As it can be seen from the previous paragraph, the description of the mafia state incorporates the concepts previously associated with political-economic clans, patrimonialism, and predation (top-down disposition of property relations). The element of criminality is implied, too; although the adopted political family uses the means of public authority, it also commits illegal acts. After all, no law prescribes that public monies should always go to the same person or group (of loyal clients), nor that the instruments of public authority should intensify supervision and inspections against targets or enemies of the adopted political family (let alone upon the chief patron’s order). To be more precise, the statutory definition of crimes committed by the mafia state’s leading political eliteinclude extortion, fraud, embezzlement, misappropriation, money laundering, insider trading, bribery of officials (both the active and passive forms of these last two), abuse of authority, buying influence, racketeering, etc.[8] This is exactly why the mafia state disables prosecution, or rather takes it over and activates it against targets only [→ 4.3.5.2]. In effect, criminality in the mafia state is split into authorized and unauthorized illegality, where the latter is prosecuted and the former is not [→ 5.3.4]. Thus, the accusation of criminality is done not from an external moral position but according to the regime’s existing (criminal) law, the enforcement of which is hindered by the full appropriation of the state by the adopted political family.

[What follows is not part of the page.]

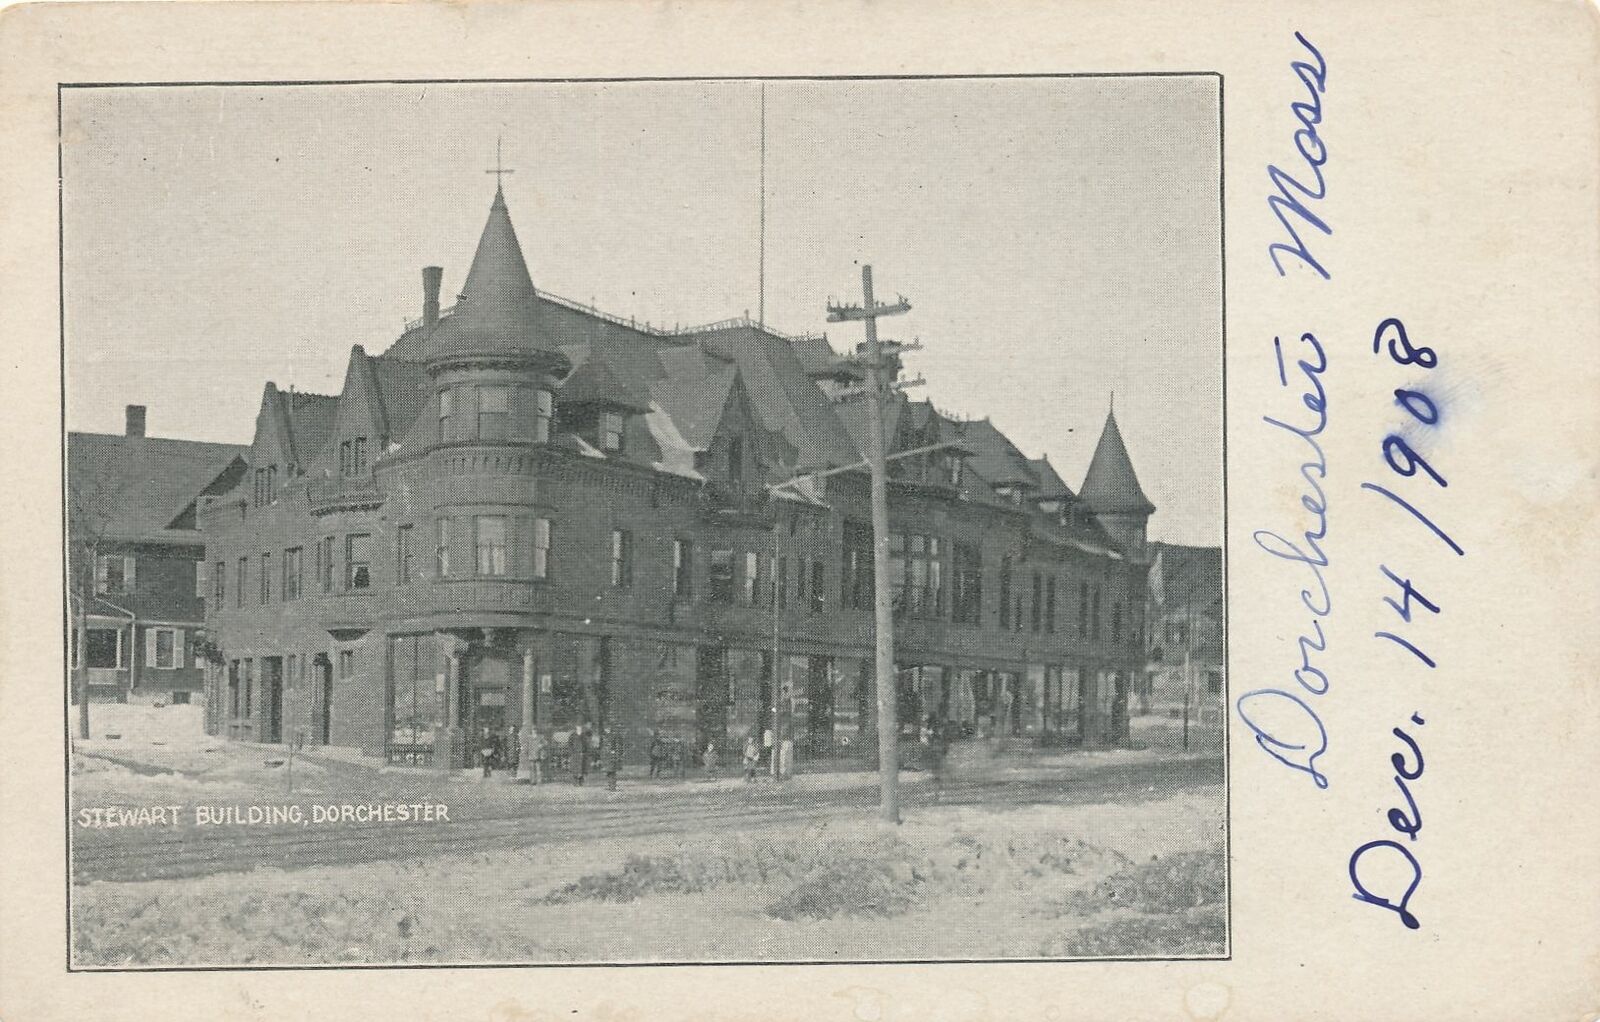 BOSTON MA - Stewart Building Dorchester - udb (pre 1908)

[1] The intersections between the interpretative layers of legality and state action targeting property will be shown in Table 5.9 in Chapter 5.

[2] Naím, “Mafia States”; Dickie, Mafia Republic; Wang and Blancke, “Mafia State.”

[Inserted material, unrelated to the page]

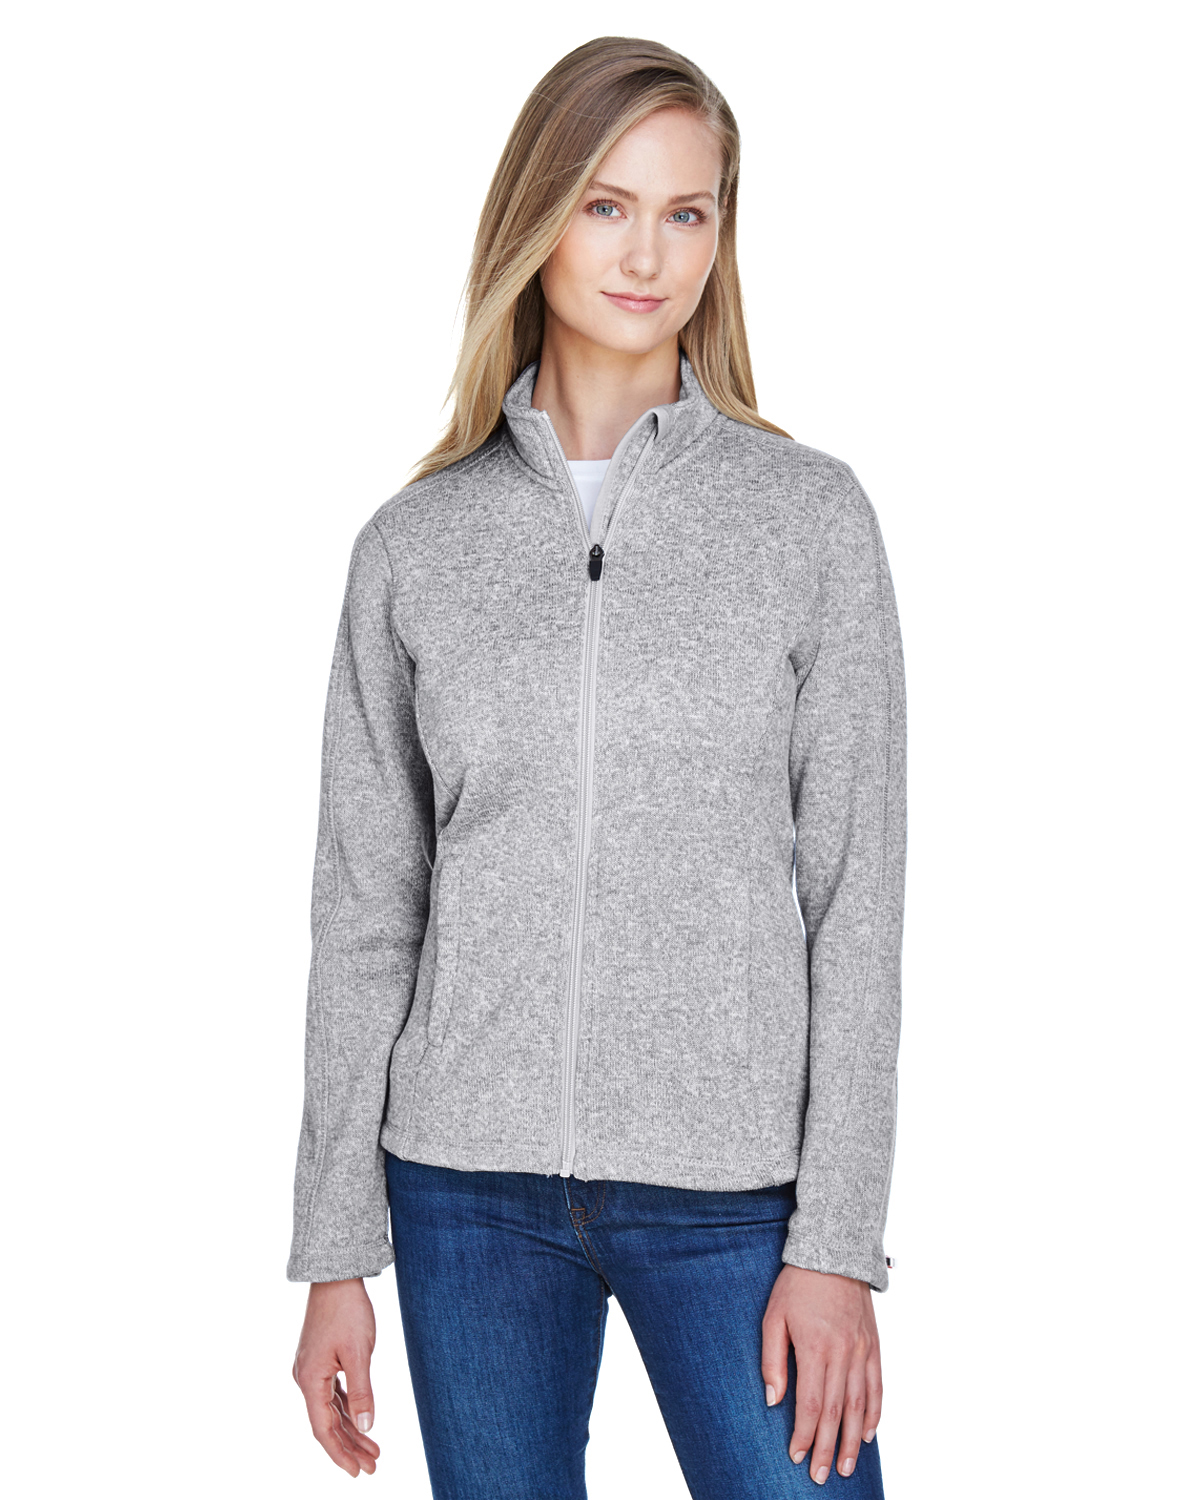 DG793W Devon & Jones Ladies\' Bristol Full-Zip Sweater Fleece Jacket

[3] Ayittey, “The Imminent Collapse of the Nigerian ‘Kill-and-Go’ Mafia State”; Harding, Mafia State.

[4] Cf. Miller, Moldova under Vladimir Plahotniuc. Also, see “criminality-based clan” in Chapter 3 [→ 3.6.2.1].

[5] Hobsbawm, Primitive Rebels, 55.

[6] There exist other definitions of “mafia”: for instance, economists define it as a private agency of protection (see Gambetta, The Sicilian Mafia.). Obviously, we do not use the concept in that sense. The reason we adopted a different definition, and particularly Hobsbawn’s, is precisely that we want to define the mafia state by the features he designated as definitive. Definitions that emphasize other features may well work in other contexts, but in the context of this book, “mafia” should be understood only in the sense we defined it above.

[7] Hobsbawm, Primitive Rebels, 40.

[8] Magyar, “The Post-Communist Mafia State as a Form of Criminal State.”